Just because if data structures that you have do not feature such a property (safe deletion) then you won't be able to delete ANY shared objects during program run time.
Consider that you need to delete a concurrent queue object (and it does not feature such a property). You can create separate helper reference counter to determine when it's safe to delete the queue. You determine when it's safe to delete the queue, and actually delete it. What now? Now you need to delete the helper object. How to do that? You can create third object to determine when it's safe to delete second object. Then fourth, and so on.
More precisely, number of shared objects will be non-decreasing function. Even if your helper objects occupy just one machine word, you will run out of memory quite fast.

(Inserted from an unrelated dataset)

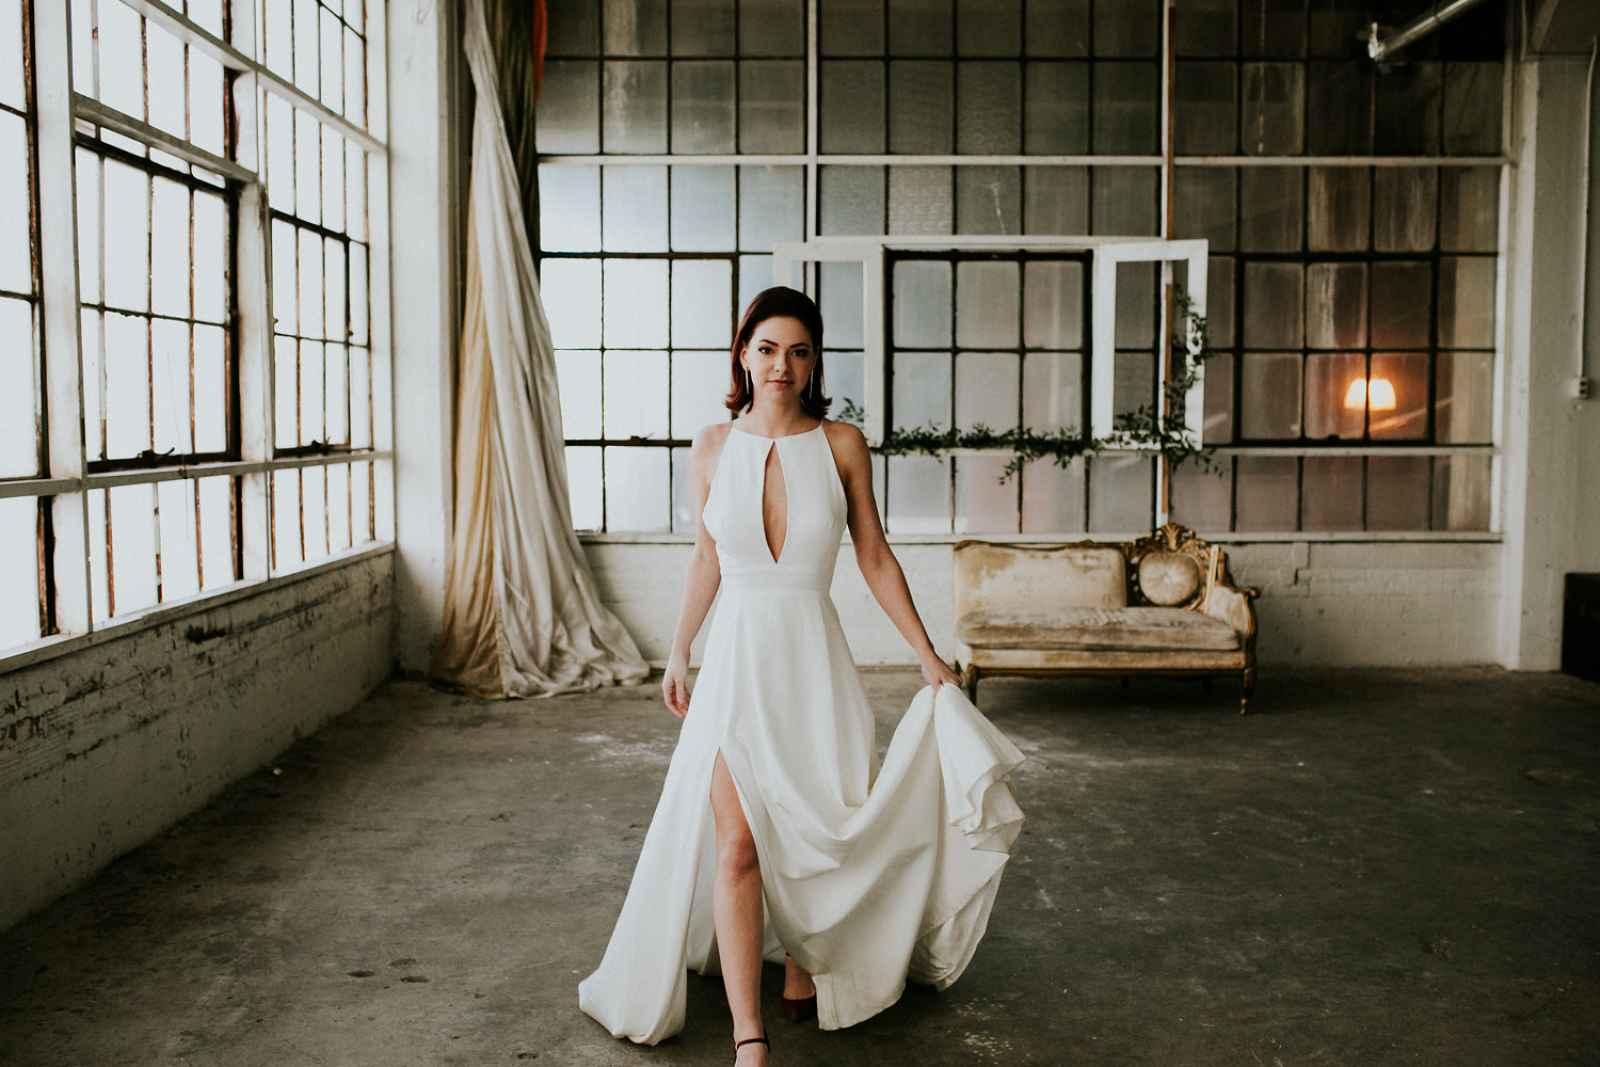 cb13620caa44 25 Bridal Salons You MUST Visit | WeddingDay Magazine

You may say that you will join some threads and then delete all the memory that they used (the fact that some programs just do not periodically join threads during run time aside for a moment). Thread is a shared object too. So you still need to determine when it's safe to release all the resources occupied by a thread. If it does not feature safe deletion property, you need to create one more helper object, and we back from where we started.Now let's start from the beginning.
Concurrent programs need to delete objects during run time. Period.
So at least some objects HAVE to have safe deletion property. Period.
I.e. you need to determine when it's safe to delete an object basing you reasoning only on values returned from methods of the object itself (w/o using external objects).
Now when you can delete some objects we indeed may allow some other objects to not feature the property (they will be a kind of dependent, and always require some external assistance). But on the other hand it's at least nice if as much as possible objects will feature the property, because, well, we need to delete every object at some point in time.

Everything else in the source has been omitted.